§ **WHAT YOU HAVE TO DO**: Given the records below, would you repeat exactly the lines that begin at the one containing "fotografo-boda-barcelona0016.jpg" and end at the one containing "マルタニ製麺02 うどんWEST百名店2020", inclusive?
--- DATA FOR REVIEW Enclosed Below ---
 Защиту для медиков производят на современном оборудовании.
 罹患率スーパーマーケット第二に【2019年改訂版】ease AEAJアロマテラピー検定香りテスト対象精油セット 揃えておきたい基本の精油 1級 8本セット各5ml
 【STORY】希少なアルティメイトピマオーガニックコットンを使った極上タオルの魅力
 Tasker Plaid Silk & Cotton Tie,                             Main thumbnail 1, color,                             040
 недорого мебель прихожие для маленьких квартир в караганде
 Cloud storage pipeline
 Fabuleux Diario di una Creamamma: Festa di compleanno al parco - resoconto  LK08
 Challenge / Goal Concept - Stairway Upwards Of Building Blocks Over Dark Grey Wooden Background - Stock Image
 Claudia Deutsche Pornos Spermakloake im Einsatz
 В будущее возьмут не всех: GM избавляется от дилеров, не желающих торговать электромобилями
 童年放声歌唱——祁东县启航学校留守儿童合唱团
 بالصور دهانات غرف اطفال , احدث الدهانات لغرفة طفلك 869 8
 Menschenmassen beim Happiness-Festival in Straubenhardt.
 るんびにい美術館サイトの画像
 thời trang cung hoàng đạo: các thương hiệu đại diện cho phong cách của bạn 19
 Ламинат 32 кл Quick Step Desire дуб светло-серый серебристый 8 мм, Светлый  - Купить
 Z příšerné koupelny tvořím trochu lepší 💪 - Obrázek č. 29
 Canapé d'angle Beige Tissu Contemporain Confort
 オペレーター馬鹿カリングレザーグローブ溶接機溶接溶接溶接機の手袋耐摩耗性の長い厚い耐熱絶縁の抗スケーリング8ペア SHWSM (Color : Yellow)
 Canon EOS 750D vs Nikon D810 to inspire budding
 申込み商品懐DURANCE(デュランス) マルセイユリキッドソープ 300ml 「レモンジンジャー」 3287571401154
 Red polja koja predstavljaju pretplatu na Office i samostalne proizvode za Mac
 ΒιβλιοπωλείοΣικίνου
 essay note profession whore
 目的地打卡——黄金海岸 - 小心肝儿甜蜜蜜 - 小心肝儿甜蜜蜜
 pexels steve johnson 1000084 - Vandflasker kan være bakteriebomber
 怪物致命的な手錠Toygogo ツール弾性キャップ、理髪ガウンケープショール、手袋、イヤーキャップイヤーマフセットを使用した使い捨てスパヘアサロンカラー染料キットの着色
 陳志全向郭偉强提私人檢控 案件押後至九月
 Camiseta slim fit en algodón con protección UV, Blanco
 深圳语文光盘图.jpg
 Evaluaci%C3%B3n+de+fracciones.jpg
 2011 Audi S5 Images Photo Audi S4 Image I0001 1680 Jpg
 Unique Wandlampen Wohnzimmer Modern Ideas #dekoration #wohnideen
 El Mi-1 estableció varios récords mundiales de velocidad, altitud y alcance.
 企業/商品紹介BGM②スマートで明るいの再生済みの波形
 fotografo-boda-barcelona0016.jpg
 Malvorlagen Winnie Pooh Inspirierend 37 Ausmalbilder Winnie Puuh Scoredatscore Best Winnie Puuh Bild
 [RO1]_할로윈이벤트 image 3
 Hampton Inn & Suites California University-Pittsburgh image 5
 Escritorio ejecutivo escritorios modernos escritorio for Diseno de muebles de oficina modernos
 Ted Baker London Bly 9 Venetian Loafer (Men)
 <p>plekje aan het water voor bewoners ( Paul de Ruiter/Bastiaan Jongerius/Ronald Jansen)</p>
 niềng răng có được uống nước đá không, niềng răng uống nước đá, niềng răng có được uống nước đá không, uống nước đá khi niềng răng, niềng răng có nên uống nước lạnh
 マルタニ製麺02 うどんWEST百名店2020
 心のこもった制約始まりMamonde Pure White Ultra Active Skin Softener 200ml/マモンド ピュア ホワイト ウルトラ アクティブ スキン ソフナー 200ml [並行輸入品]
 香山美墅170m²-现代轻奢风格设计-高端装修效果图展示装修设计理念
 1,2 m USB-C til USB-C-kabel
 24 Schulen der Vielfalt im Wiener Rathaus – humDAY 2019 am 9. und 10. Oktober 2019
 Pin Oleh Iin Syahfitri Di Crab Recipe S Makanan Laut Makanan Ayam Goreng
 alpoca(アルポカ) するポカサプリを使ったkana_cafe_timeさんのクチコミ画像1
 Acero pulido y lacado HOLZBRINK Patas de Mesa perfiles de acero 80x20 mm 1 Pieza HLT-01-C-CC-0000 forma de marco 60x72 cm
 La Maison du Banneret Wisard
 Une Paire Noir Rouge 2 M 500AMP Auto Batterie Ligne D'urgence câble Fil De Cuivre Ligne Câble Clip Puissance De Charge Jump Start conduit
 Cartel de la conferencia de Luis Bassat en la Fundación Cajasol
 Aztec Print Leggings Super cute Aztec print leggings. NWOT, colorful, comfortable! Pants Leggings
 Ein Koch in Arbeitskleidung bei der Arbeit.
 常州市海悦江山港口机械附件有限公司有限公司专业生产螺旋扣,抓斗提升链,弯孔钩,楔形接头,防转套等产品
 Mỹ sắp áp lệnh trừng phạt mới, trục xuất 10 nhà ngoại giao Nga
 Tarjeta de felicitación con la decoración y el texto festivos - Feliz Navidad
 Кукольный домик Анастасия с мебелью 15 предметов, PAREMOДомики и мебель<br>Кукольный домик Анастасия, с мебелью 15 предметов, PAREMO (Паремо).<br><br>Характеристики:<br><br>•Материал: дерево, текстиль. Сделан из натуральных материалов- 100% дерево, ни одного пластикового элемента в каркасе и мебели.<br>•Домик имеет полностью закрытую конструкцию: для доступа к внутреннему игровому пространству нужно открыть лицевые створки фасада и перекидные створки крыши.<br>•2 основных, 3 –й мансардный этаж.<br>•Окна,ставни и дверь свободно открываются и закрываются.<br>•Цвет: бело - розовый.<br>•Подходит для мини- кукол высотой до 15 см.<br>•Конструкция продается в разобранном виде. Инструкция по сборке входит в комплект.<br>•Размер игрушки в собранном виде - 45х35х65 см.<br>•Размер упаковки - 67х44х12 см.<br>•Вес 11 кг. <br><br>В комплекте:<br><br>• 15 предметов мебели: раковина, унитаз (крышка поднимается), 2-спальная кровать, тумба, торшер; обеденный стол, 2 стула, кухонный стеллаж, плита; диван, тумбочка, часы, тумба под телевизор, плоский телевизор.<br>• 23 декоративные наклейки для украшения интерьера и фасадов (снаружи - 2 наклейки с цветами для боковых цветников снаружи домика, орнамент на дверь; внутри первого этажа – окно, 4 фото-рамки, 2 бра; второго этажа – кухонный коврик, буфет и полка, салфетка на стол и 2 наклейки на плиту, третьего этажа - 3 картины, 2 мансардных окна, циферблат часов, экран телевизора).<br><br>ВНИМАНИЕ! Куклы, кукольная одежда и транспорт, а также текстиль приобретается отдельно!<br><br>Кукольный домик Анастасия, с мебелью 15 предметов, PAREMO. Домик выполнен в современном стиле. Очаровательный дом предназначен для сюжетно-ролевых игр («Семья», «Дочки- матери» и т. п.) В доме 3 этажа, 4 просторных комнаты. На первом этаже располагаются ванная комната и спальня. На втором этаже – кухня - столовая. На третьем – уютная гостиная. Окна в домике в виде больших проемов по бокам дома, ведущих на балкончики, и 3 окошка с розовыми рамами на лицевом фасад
--- End of Enclosed DATA FOR REVIEW ---
§ **WRITTEN RESPONSE**:
 fotografo-boda-barcelona0016.jpg
 Malvorlagen Winnie Pooh Inspirierend 37 Ausmalbilder Winnie Puuh Scoredatscore Best Winnie Puuh Bild
 [RO1]_할로윈이벤트 image 3
 Hampton Inn & Suites California University-Pittsburgh image 5
 Escritorio ejecutivo escritorios modernos escritorio for Diseno de muebles de oficina modernos
 Ted Baker London Bly 9 Venetian Loafer (Men)
 <p>plekje aan het water voor bewoners ( Paul de Ruiter/Bastiaan Jongerius/Ronald Jansen)</p>
 niềng răng có được uống nước đá không, niềng răng uống nước đá, niềng răng có được uống nước đá không, uống nước đá khi niềng răng, niềng răng có nên uống nước lạnh
 マルタニ製麺02 うどんWEST百名店2020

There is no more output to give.